I walk out and feel his eyes boring into me but I don't look up. I just walking to my car where my child has left me a note stating that she was going to walk the block home. I curse again wishing that my feet didn't hurt so I could too. Though they do so I drive and walk up the house where they are waiting on the couch. I drop my keys and talk first, "I am going to be blunt with you, I am sorry I didn't tell you guys sooner. I was scared and I too was in shock. So I will say it plain and clear. The twins that I am carrying are indeed your Dad's kids but Adrian and I have not worked out our relationship. I also will ask if you would not pressure us either, but I do want you to know that we do love each other. Also please don't beat the shit out of him".

As I speak my children's faces morph from I want to kill somebody to a splitting grin. There smiles make me start to cry and in moments I am in their arms.

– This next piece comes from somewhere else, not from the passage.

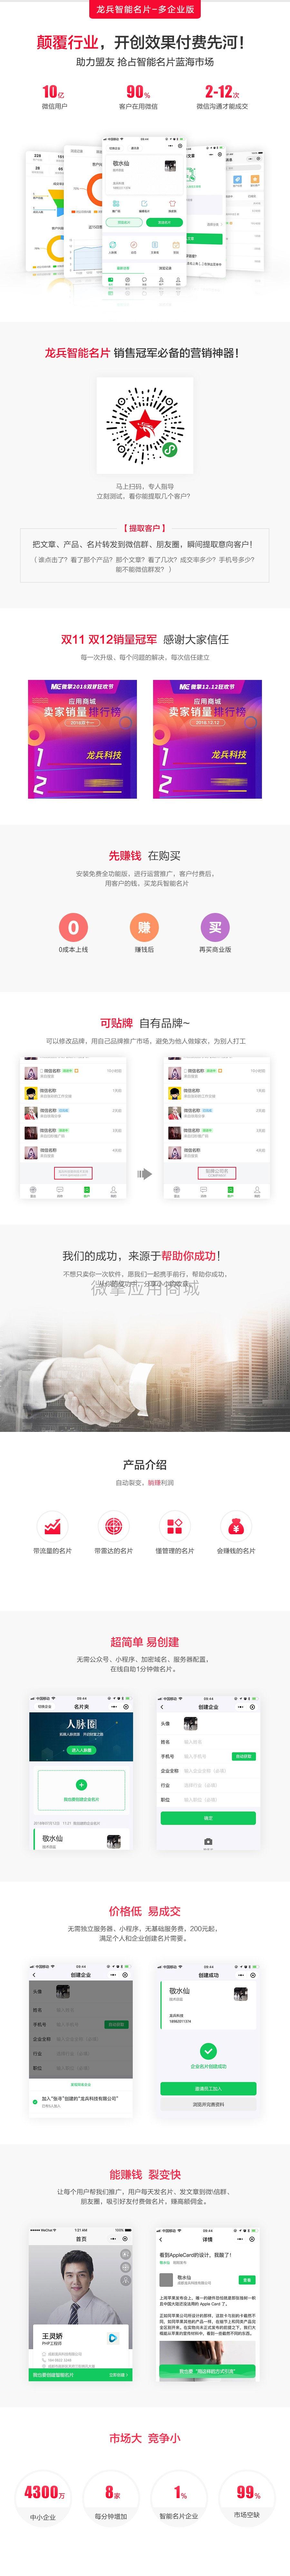 微疑小法式 龙兵智能手刺多网站seo的分析工具-企业小法式V2.3.3 开源版-幽灵米

Mason and rosebud get a worry look on their face but it's mason who speaks, "Mom don't cry please, we are not angry anymore. We were furious because we just didn't want you to have go through what you went through with us. Though we know that Dad will not do that. We know that he will stand by you because he stood by you before when we weren't even his own. He is our dad just as he will be to them".

His word make a new round of tears form and they hold me closer. Rosebud kisses me on the forehead, "Mom please stop crying. We are happy for dad and you".

I get control over myself bring my kids in closer to me, "I am just happy and hormonal that is all. How about tomorrow we talk about your new siblings but tonight I am tired."

We all say goodnight and go to my bed with welcoming arms. Thankful I don't have to hide my belly anymore but dreading having to face my past.